Re: community collecting resale fees
From: Sharon Villines (
Date: Thu, 25 Oct 2018 15:45:03 -0700 (PDT)
On Oct 25, 2018, at 6:16 PM, Jerry Koch-Gonzalez <jerry [at]> 
> I'd like our community to collect 3% of sale price when units turn over if
> the community finds the buyer (meaning no outside realtor was hired by the
> seller). Since realtors usually get 6% that seems like a win-win for all.
> Reduces the condo fee increases over time.
> Any communities do something like this?

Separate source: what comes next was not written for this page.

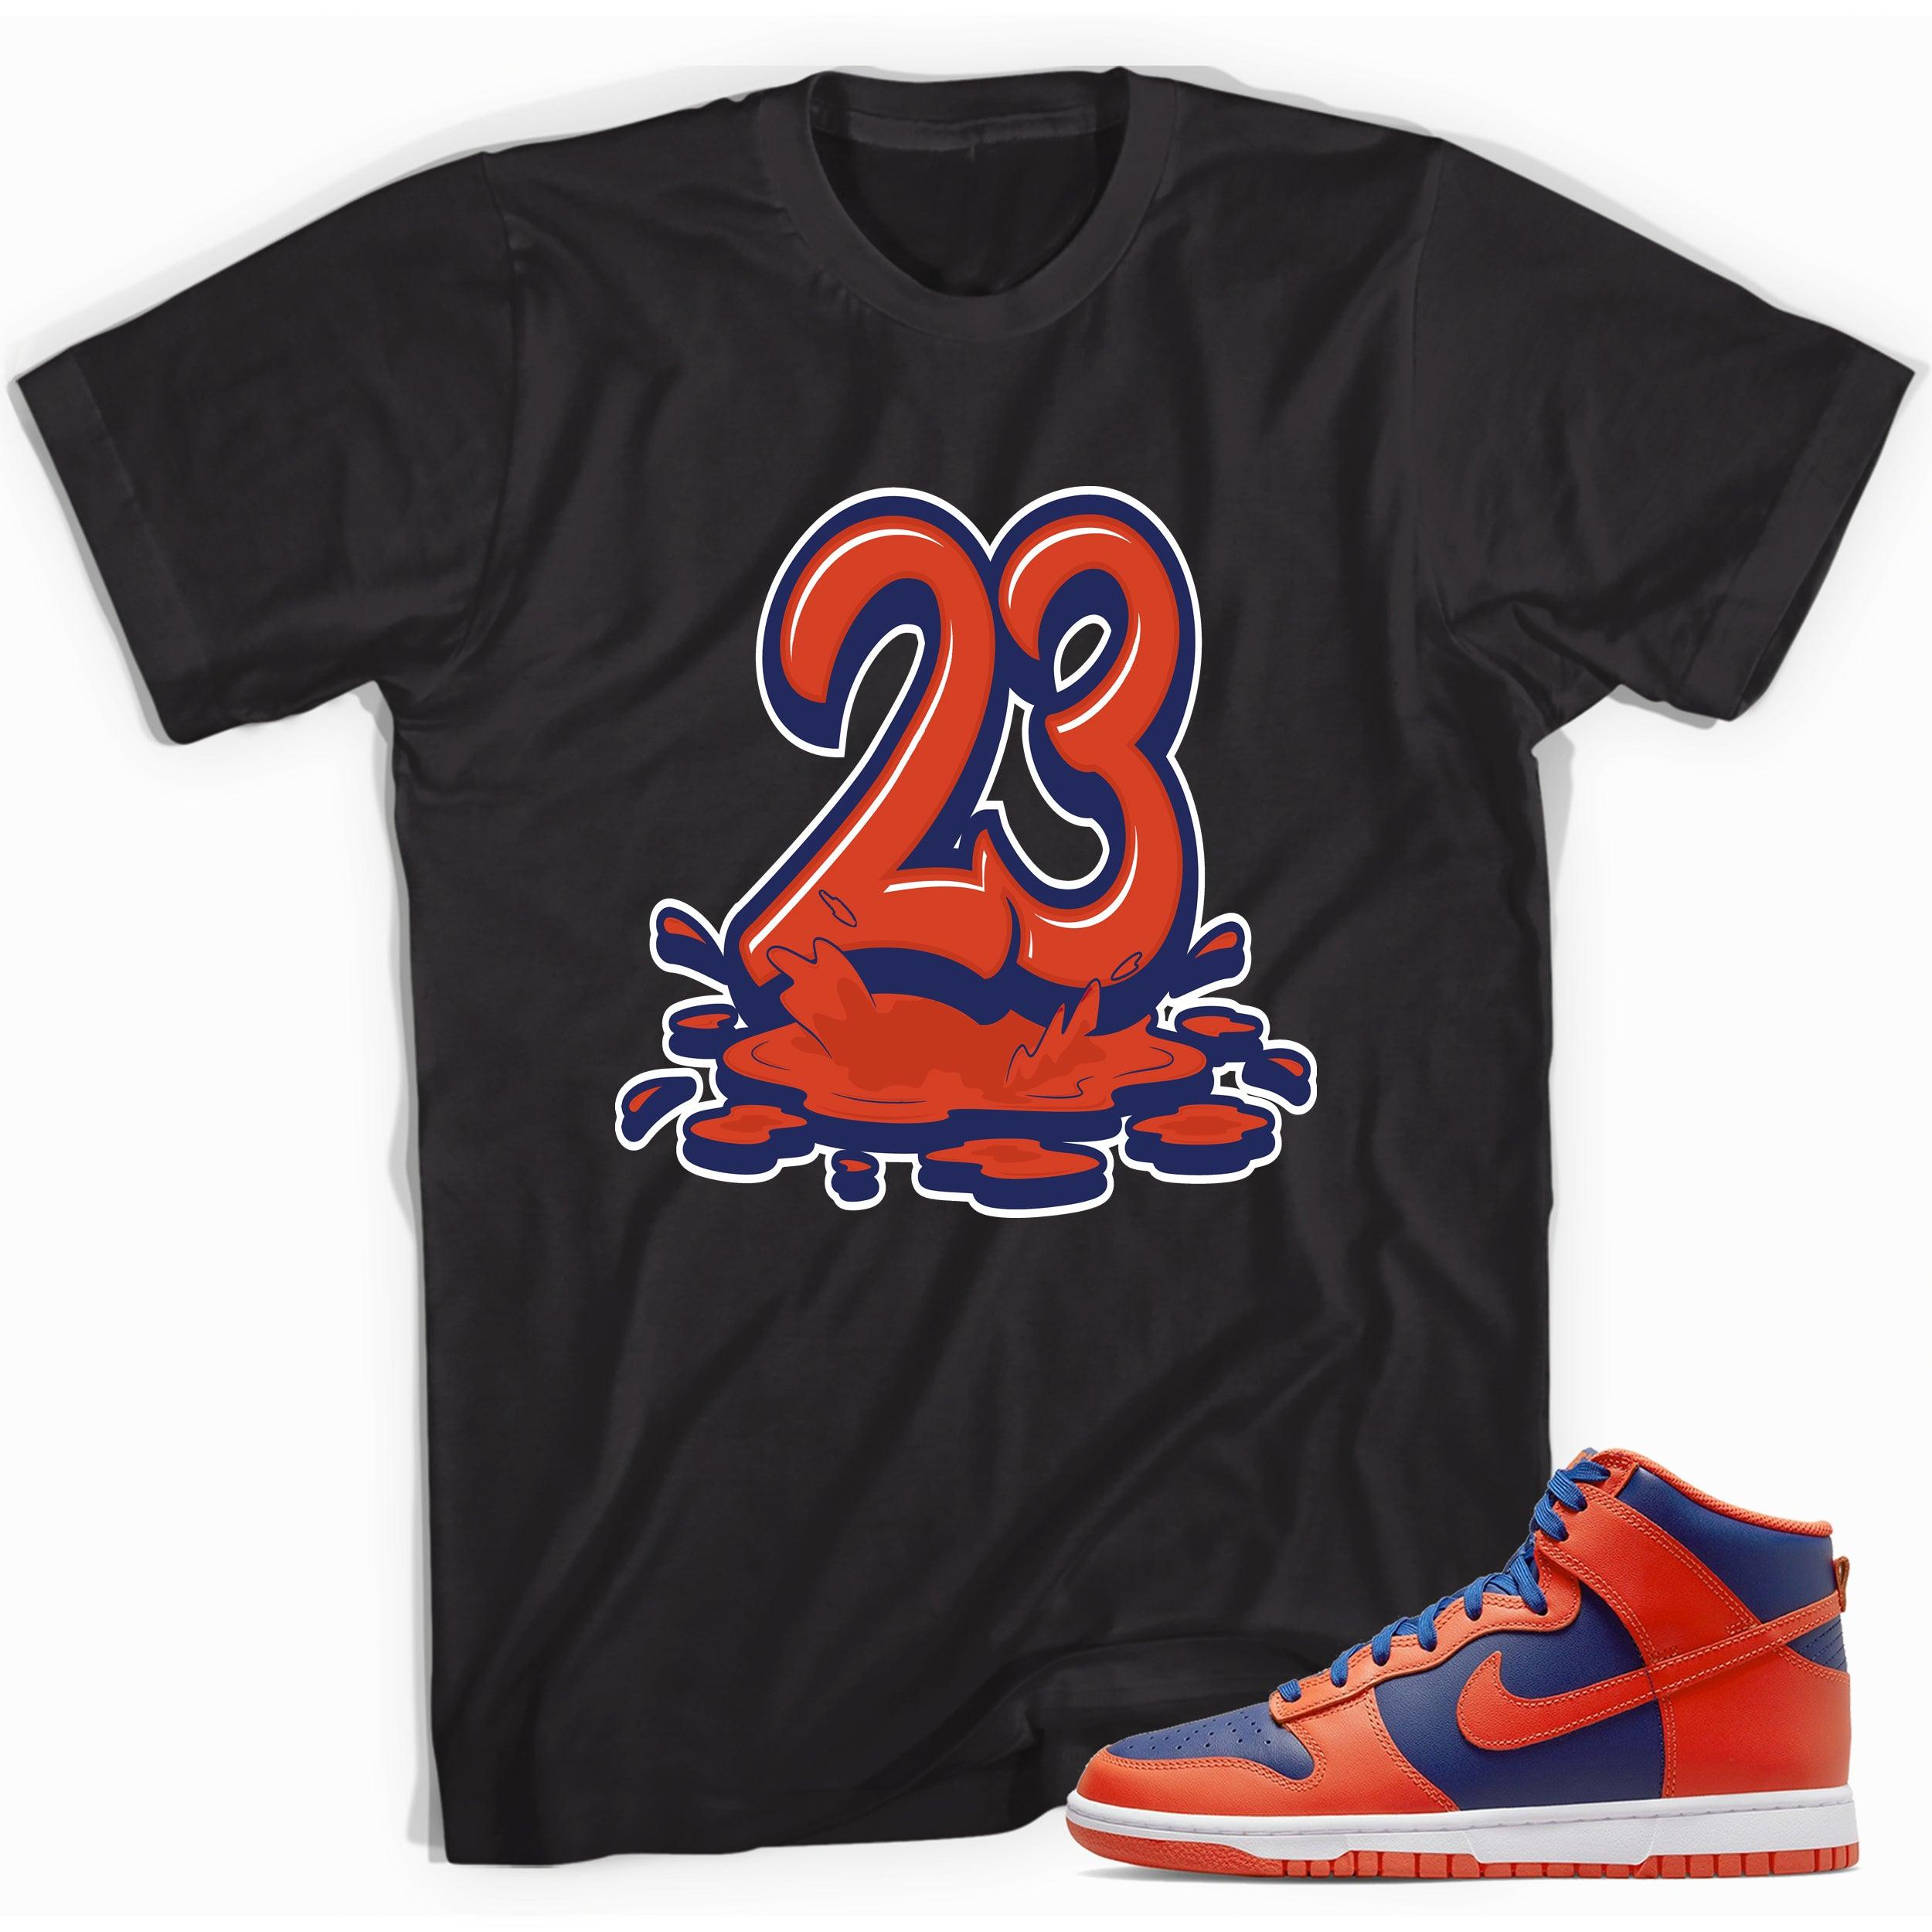 23 Melting Shirt Nike Dunk High Knicks photo

We don’t require it but a few years ago our Resales and Rental Pod formed to 
facilitate sales and they request  a donation. They build a waiting list of 
people who were oriented and that they know. The orientees come to pot lucks 
and workdays to get a taste of things so we often know them too. The Pod 
designed a standard flyer, printed “information cards”, and organized open 

For sales they are involved with, which is almost all of them, the schedule is 
open house on Sunday, offers due by Wednesday, decisions by Friday. It doesn’t 
always go that smoothly but often does. With a list of people who are really 
interested and hovering, we know there will be at least some offers. One unit 
recently got 3 offers but the one they chose didn’t work out to they moved to 
the next one, which took a week or two longer.

A long way around to say that R&R has done and does do a lot of work so when 
they give the pitch about a contribution to our Special Projects Fund (Capital 
Improvements), it has brought good results. Contributions, I think, are closer 
to 1-2% of the sales price. Before that, some people had given voluntarily.

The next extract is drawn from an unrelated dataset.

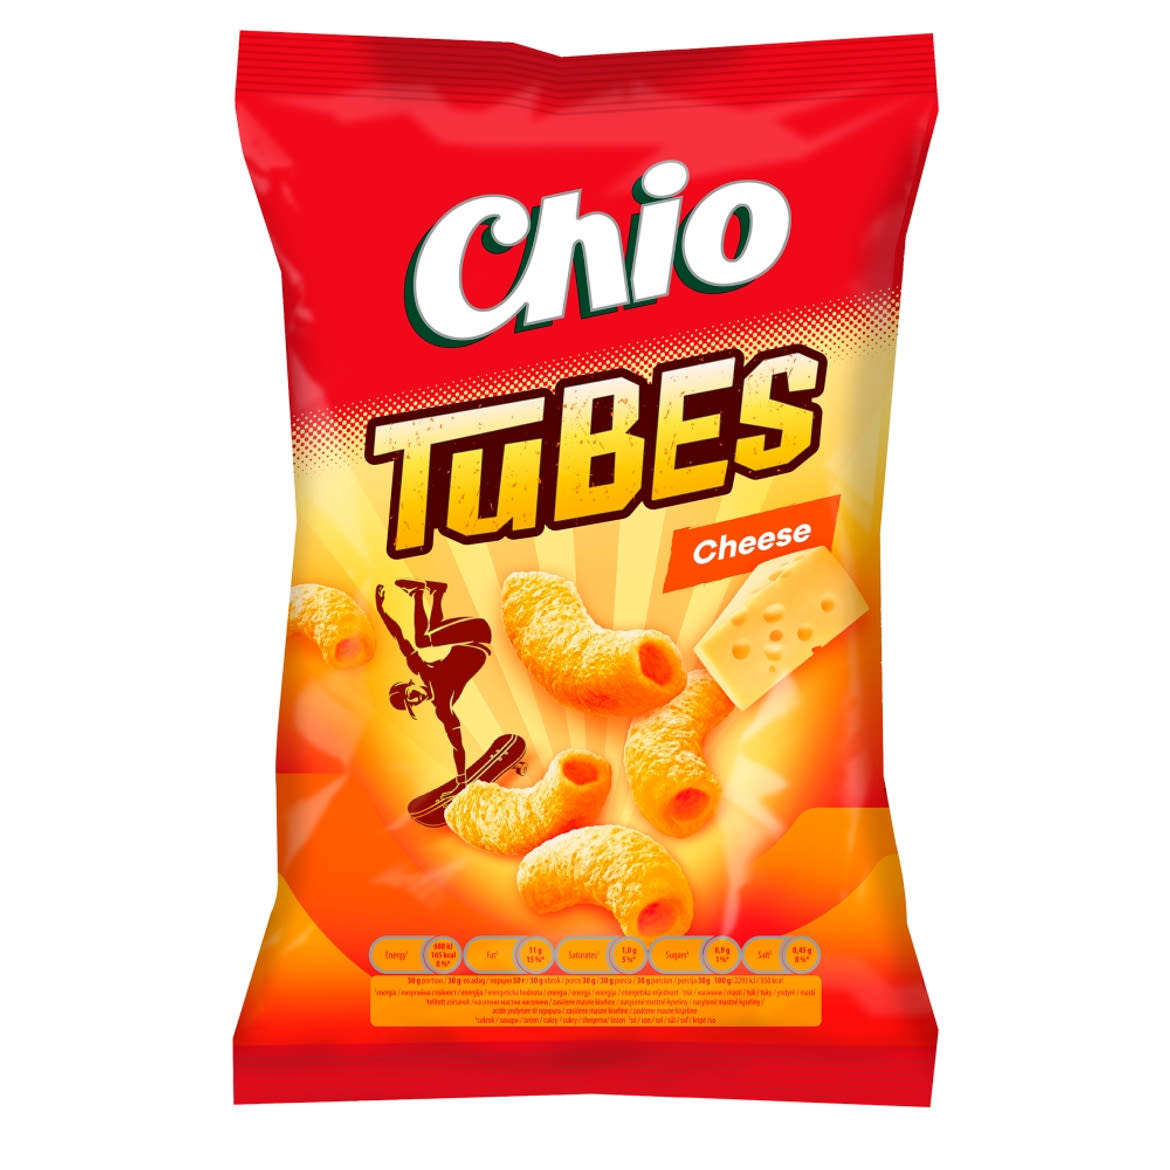 Chio Tubes sajtos kukoricasnack

As a result, we actually have a Special Projects Fund. Don’t hold me to the 
number but we have had a lot of sales in the last 3-4 years and we have maybe 
$75,000 in it. For the first time we can think in terms of what we would like 
to develop, not just upgraded replacements from the Reserve Fund.

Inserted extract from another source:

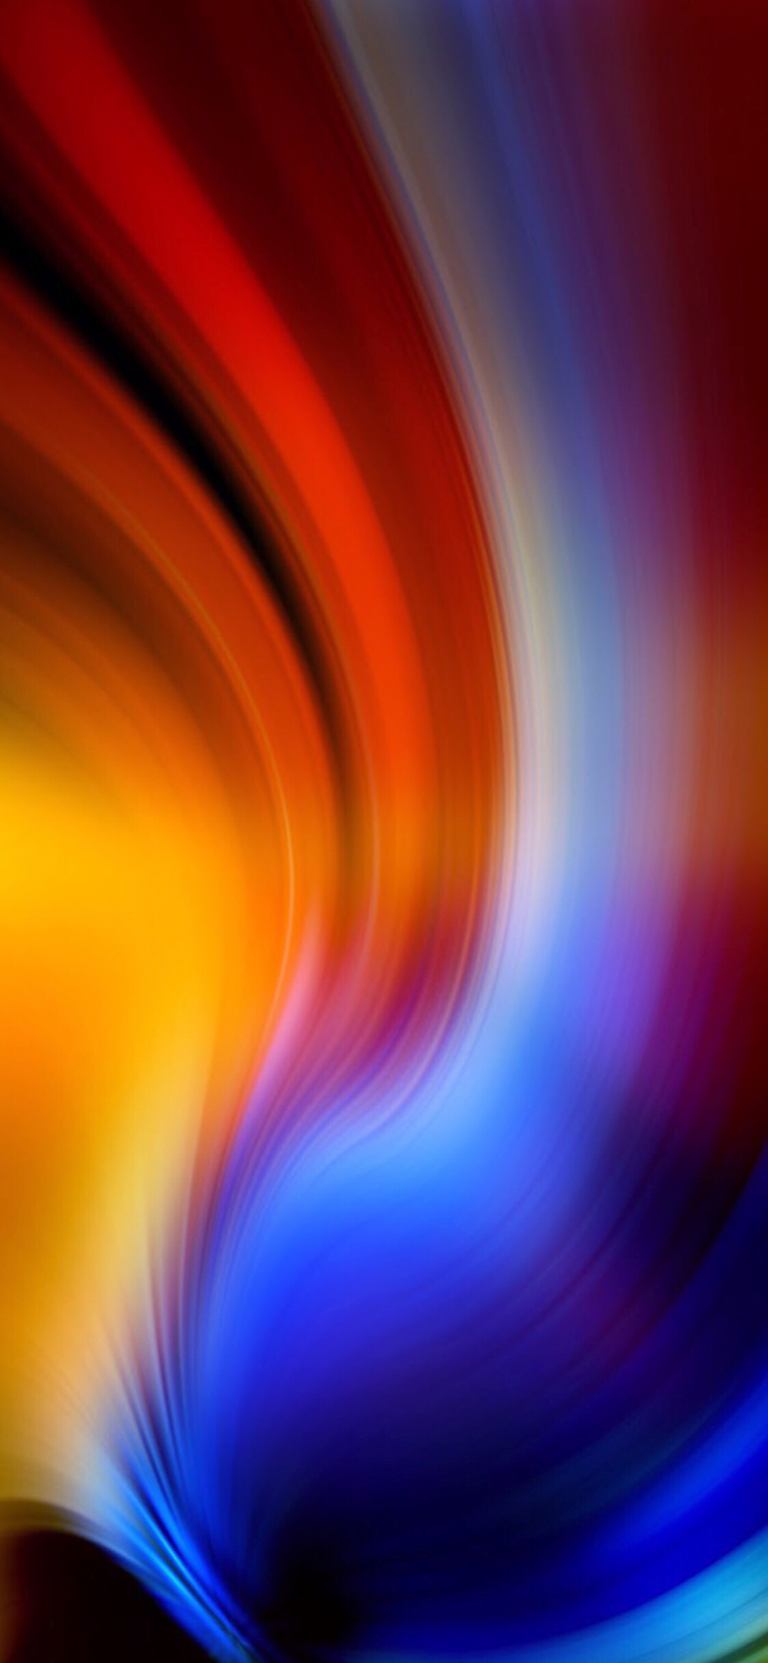 The orange to blue blur | Zollotech

My personal rational for resale contributions is that the price of the unit is 
higher because the community puts so much energy into making the place 
attractive socially and physically that isn’t paid for in dues. AND perhaps 
even more importantly, when a household leaves we know we have a lot of work to 
do to help another family move in and to bring them up to speed. It takes a 
year of explaining and reminding and helping. The donation does help soften the 
pain of losing a household and bringing in a new one.